Tuesday, July 15, 2008

Not torture if they change the dictionary

Shorter Douglas Feith: We moved all these tortures into the harsh treatment category, hence we don't torture.

Think of the shit Bill Clinton got for classifying oral as not sex (when that's the definition he was presented with by Paula Jones's lawyers). Yet the Bushists can still expect lock-step Republican defense of classifying waterboarding and forcible stress positions as not torture.

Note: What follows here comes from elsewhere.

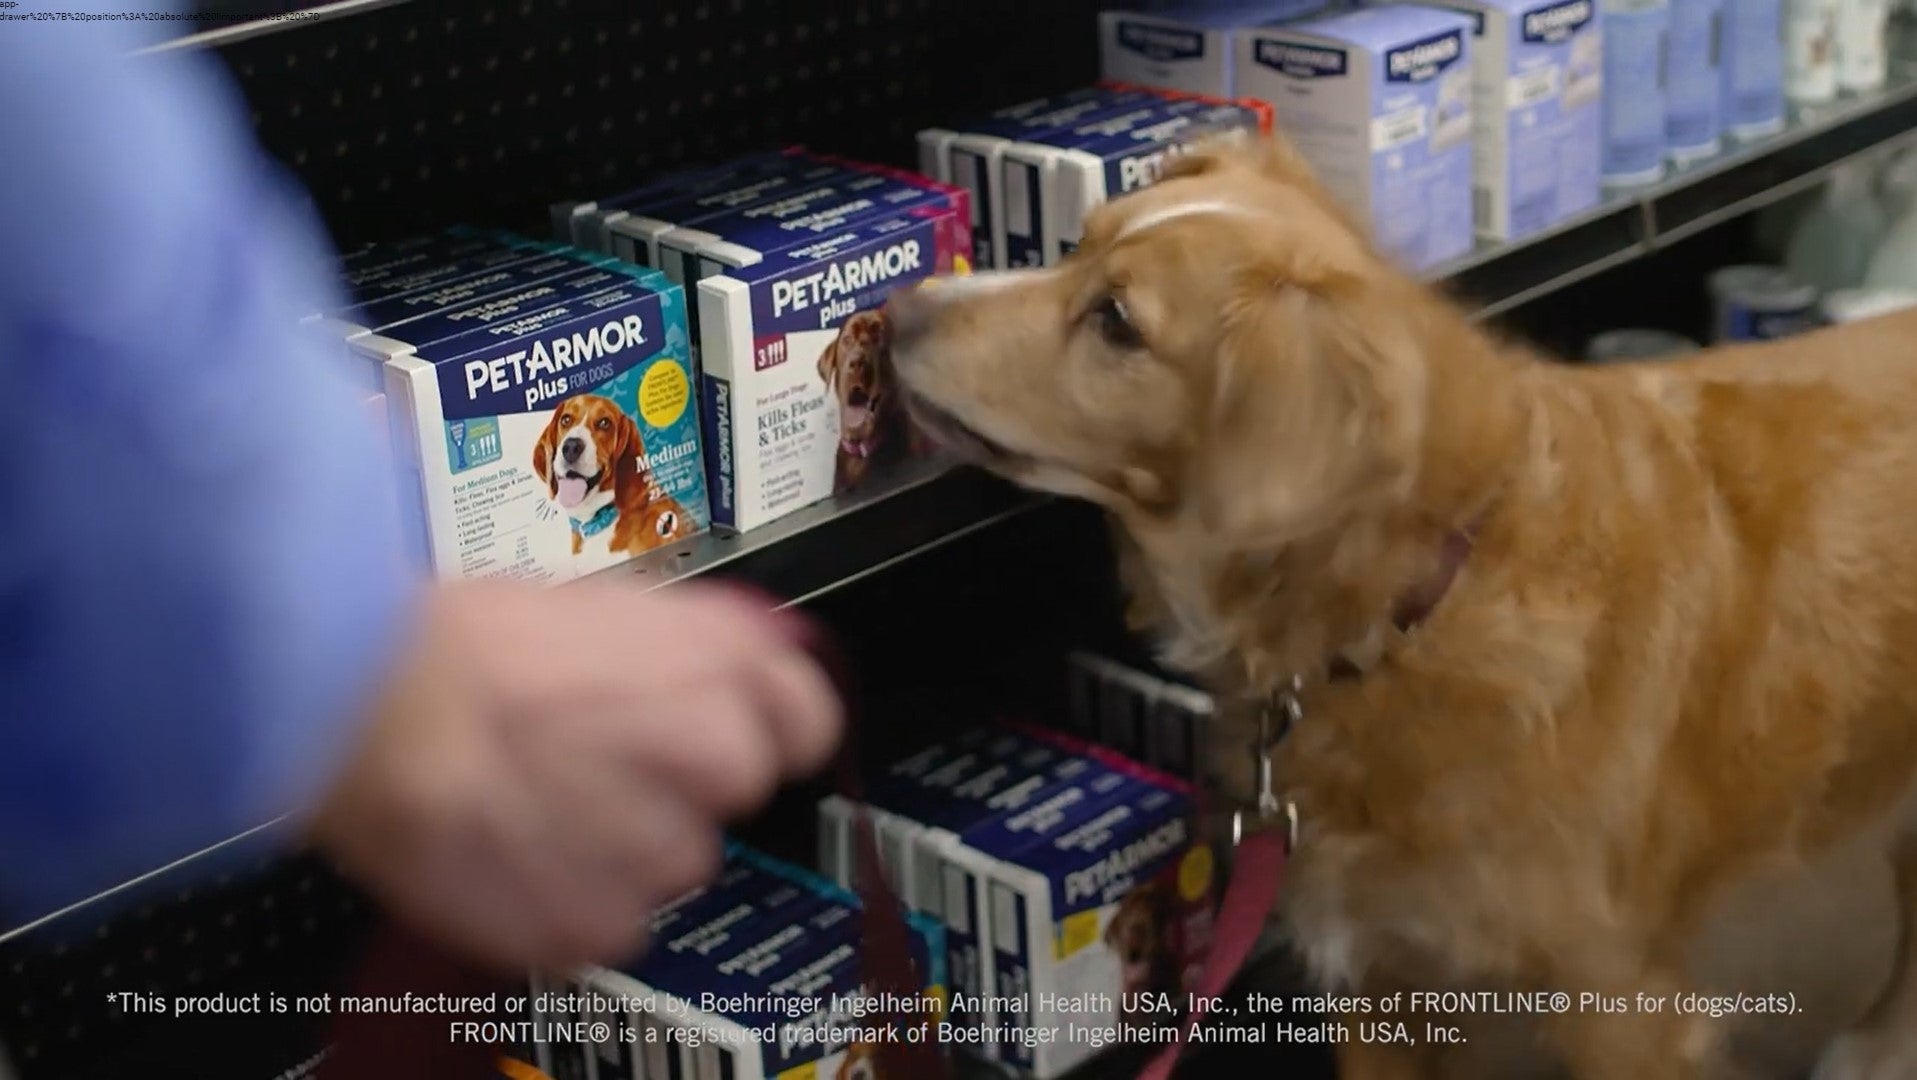 Video still image showing a dog picking out PetArmor Plus at the store

The subcommittee's Republicans criticized the inquiry. The panel's ranking Republican member, Arizona Rep. Trent Franks, accused the majority Democrats of holding hearings "dedicated primarily to making sure we are protecting the rights of terrorists."
It's enough to make you think that the values of the American press are thoroughly self-fellating. Or Republican-fellating (see Ron Fournier kissing some part of Karl Rove's anatomy).

Some people have the courage to speak the truth:
In June, retired U.S. Major Gen. Antonio Taguba, who led the Army's investigation into the Abu Ghraib prisoner abuse scandal in 2003, wrote there "is no longer any doubt" that the Bush administration committed war crimes in its treatment of suspected terrorists.

"The only question is whether those who ordered torture will be held to account," Taguba wrote in the preface to a June report by a Massachusetts-based human rights group.